Monte Carlo integration: How the number of iterations used affects precision

While it may be obvious that with Monte Carlo integration, the more iterations performed will result in higher precision, it's always fun to look at something graphically. Since I had already written a program that approximated the value of pi (check it out here), I decided to look at how standard deviations change with increasing numbers of iterations.

I chose to run 10 sets of iterations: 2, 4, 8, 32, 64, 128, 256, 512, and 1024. Why these values were chosen becomes obvious in the script, but you can use any set of iterations you want. Each set of iterations was run 10,000 times and standard deviations were calculated from these.

Figure 1: Stdev vs. number of iterations. Note the x-axis is log scale so that the trend can more easily be seen.

Here's my script:

% Graphing standard deviations of pi vs. number of iterations

% using Monte Carlo integration

close all

clear all

for x = 1:10;           

   

y=2^x;

   

for i = 1:10000;

    n = 2*(rand(2,y))- 1;    % generates random numbers between -1 and 1

   

    pts = 0;                  % starting value for total points

    circ = 0;                 % starting value for points within circle

   

    for R = 1:y;

        d = sqrt((n(1,R))^2 + (n(2,R))^2);

        pts = pts + 1;

        if d <= 1;

            circ = circ + 1;

        end  

    end

    Pi(1,i) = (4*circ)/pts;

end

STD(1,x) = std(Pi);

IT(1,x) = y;

end

plot (log10(IT),STD)

title('Standard Deviation vs. Number of Iterations');

xlabel('log10(number of iterations)');

ylabel('Standard deviation');

Calculating Pi: Monte Carlo Integration

Thank you physicists, Matlab, and (pseudo)random number generators. Welcome to Monte Carlo integration. A couple of days ago, my boyfriend was telling me how he has surpassed me in his Matlab skills. Dorky, I know.  Not one to be bettered, I set out to prove him wrong. He had an assignment to approximate the value of pi using Monte Carlo integration in C. I'd do it in Matlab.

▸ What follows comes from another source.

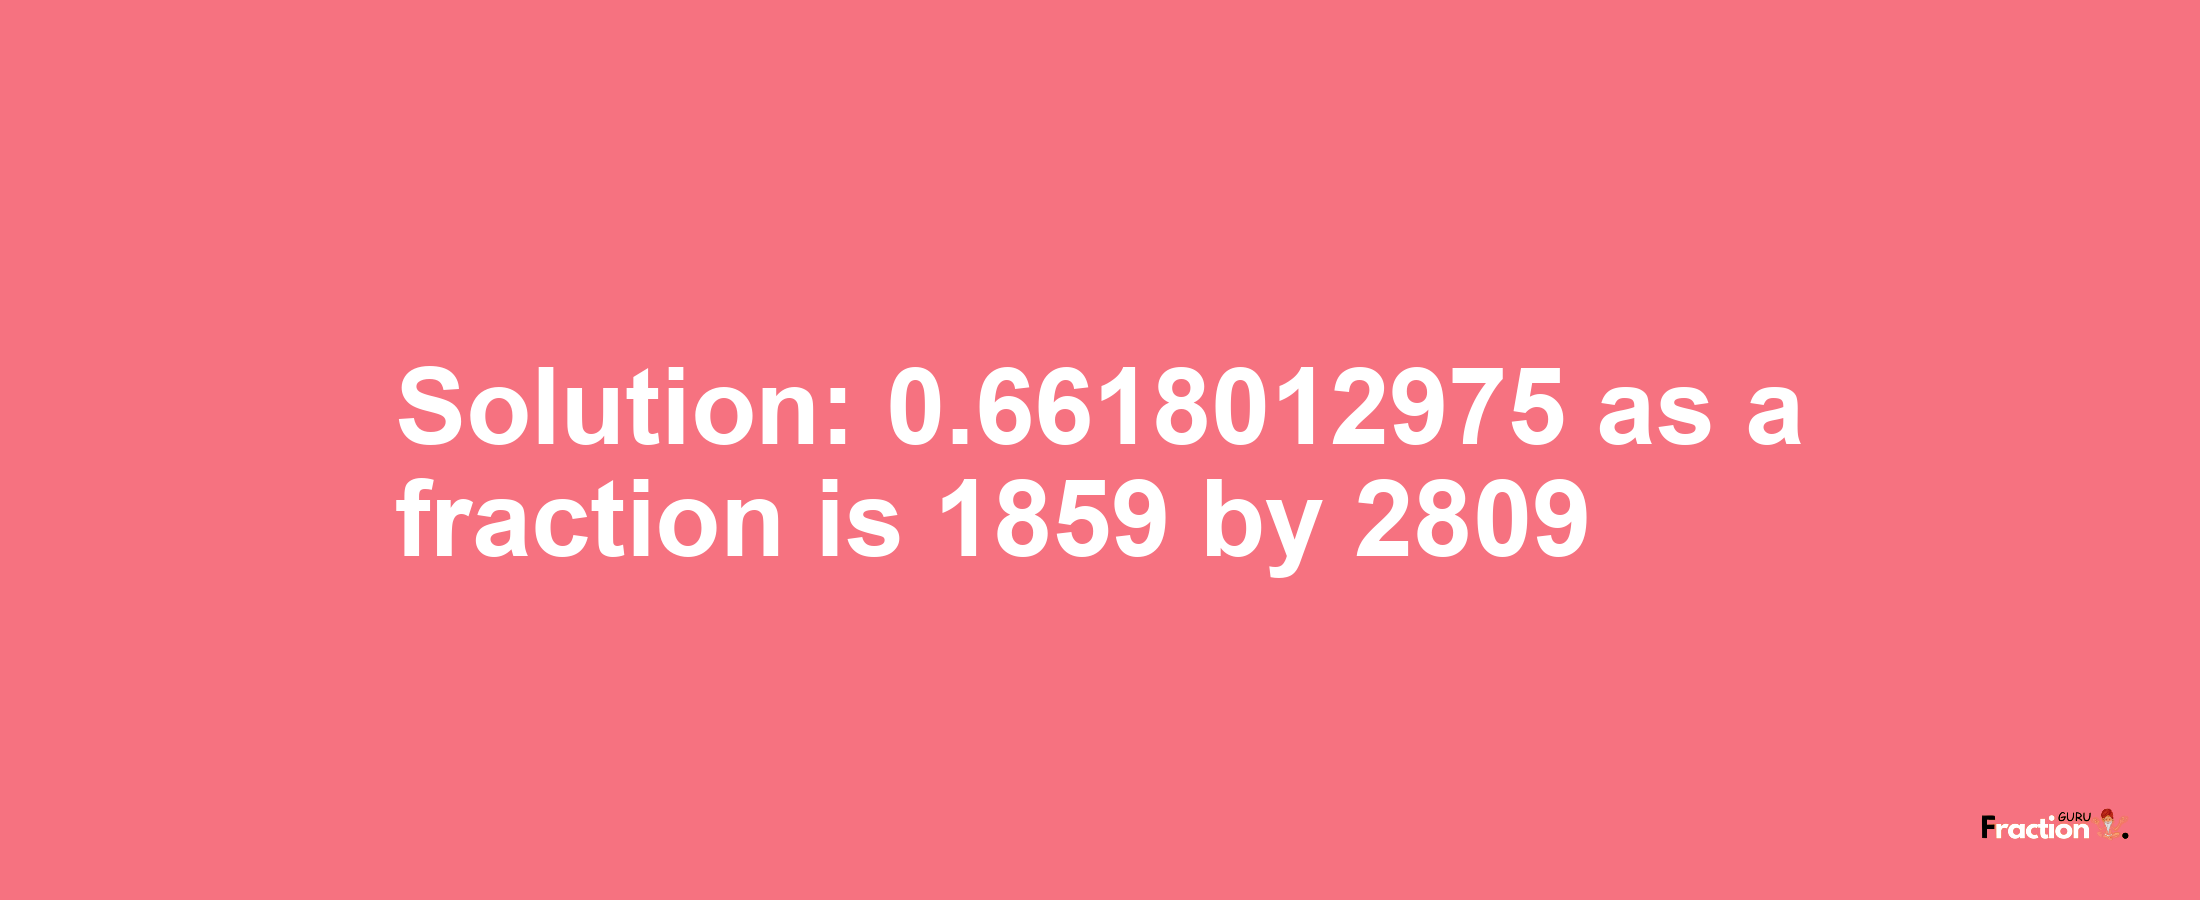 Solution:0.6618012975 as a fraction is 1859/2809
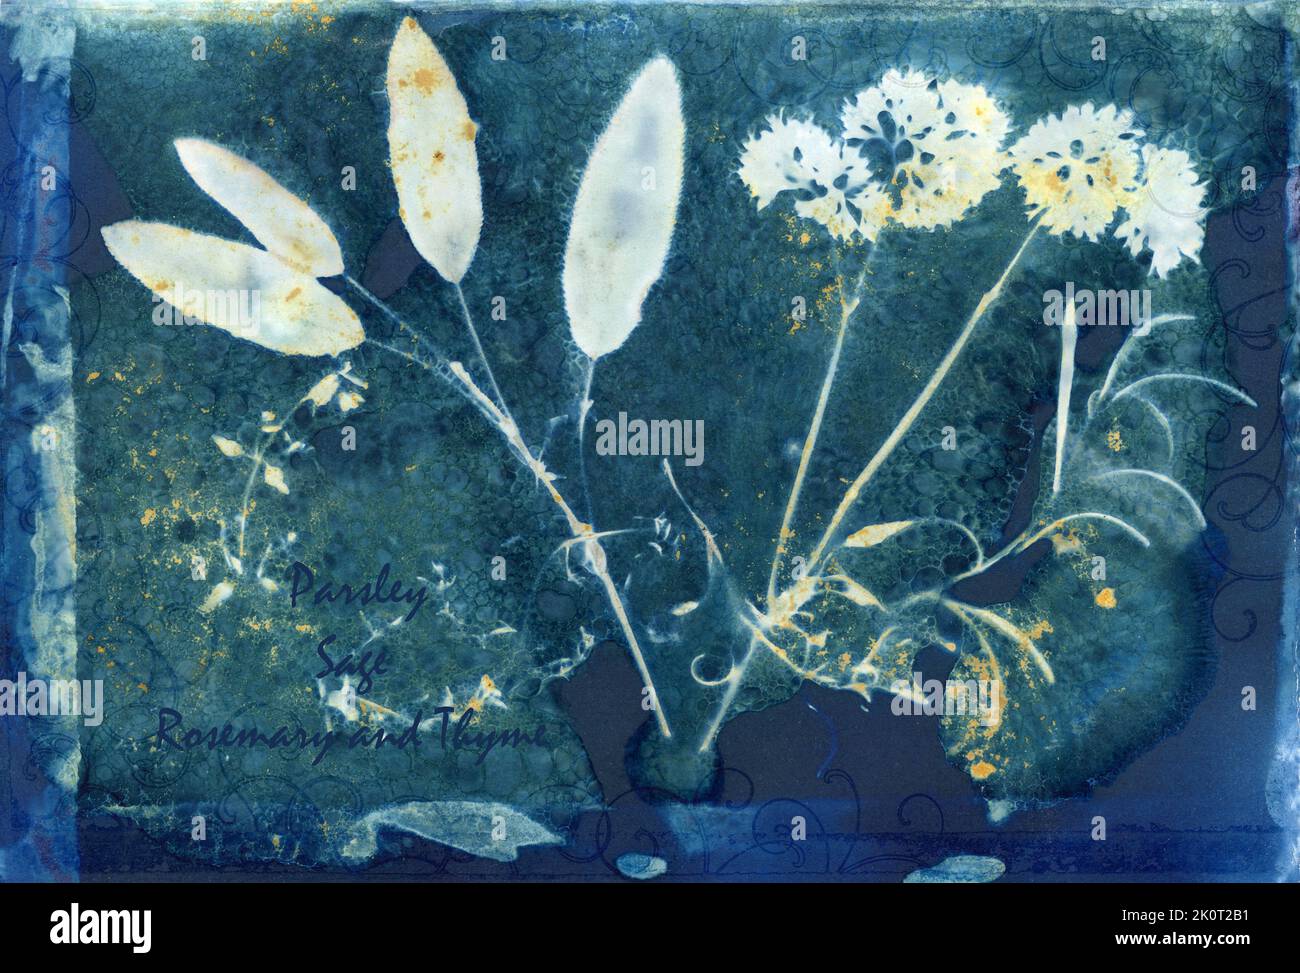 Wet cyanotype print, parsley sage rosemary and thyme, herb contact print, alternative photography process Stock Photo

But I had to figure out what Monte Carlo integration was first.

Enter Wikipedia. I don't care what professors say about it, Wikipedia is a magical place filled with more knowledge than could ever be stuffed into my head. I'm not going to start citing the website in anything important, but I will give it my thanks. So here it is: Monte Carlo integration offers an approximate evaluation of definite integrals using random numbers.   

So what did I have to do exactly? My bf gave me a hint: use a circle and a square. After some more prodding he added, "put the circle in the square." Alright. Thanks a lot.

So I drew up a circle with radius = 1, inside a square with sides = 2 (Figure 1).

Figure 1: Circle with radius = 1 within a square with sides = 2.

We know that the area of the square is L²= 2² = 4.

We know the area of the circle is
A = πr². To find π, we need to know the area of the circle. Unfortunately, that's impossible to know without π.

But there is another way to find pi. I first set the center of the circle as (0,0) in a coordinate plane. I then could generate sets of random numbers between -1 and 1 and use these as x and y coordinates. Using Pythagorean's Theorem I can find the distance of these points from the center (the origin):

c = √(a² + b²).

If a point's distance from the origin is < 1, then it falls within the circle. The ratio of points within the circle to the total number of points (points within the square) is proportionate to the ratio of the area of the circle to the area of the square:

                                               # points in circle   =    πr²           where r=1

                                                # points total             4

So:    

                                              π    =    4(# points in circle)

                                                              # points total

With that in mind, my Matlab adventure began.

The script was pretty easy to write (find it at the bottom of this page). The hardest part for me was actually plotting the figure. Obviously, the more iterations (# of points) you do, the more accurate your result will be (Table 1). It also vastly increases the computing time. Past 1,000,000 iterations, my Matlab program got pissed and said it didn't have enough memory.

# of Iterations	Approximate value of Pi
10	2.4
100	3.24
1000	3.092
10000	3.1104
100000	3.13168
1000000	3.143080

                            

Here's my Matlab script for 1000 iterations:

% Calculating pi using Monte Carlo integration

close all

clear all

n = 2*(rand(2,1000))- 1;        % generates random numbers between -1 and 1

t=sum(n.*n,1)<1;

pts = 0;                       % starting value for total points

circ = 0;                      % starting value for points within circle

for R = 1:1000;

    d = sqrt((n(1,R))^2 + (n(2,R))^2);

    pts = pts + 1;

    if d <= 1;

        circ = circ + 1;

    end

end

format long

Pi = (4*circ)/pts

plot(n(1,~t),n(2,~t),'b.','MarkerSize',15)

hold on

plot(n(1,t),n(2,t),'r.','MarkerSize',15)

theta = linspace(0,2*pi,100);    

x = cos(theta);                 

y = sin(theta);                  

plot(x,y,'k'); 

axis ('equal');

axis([-1 1 -1 1]);

title('100 Iterations');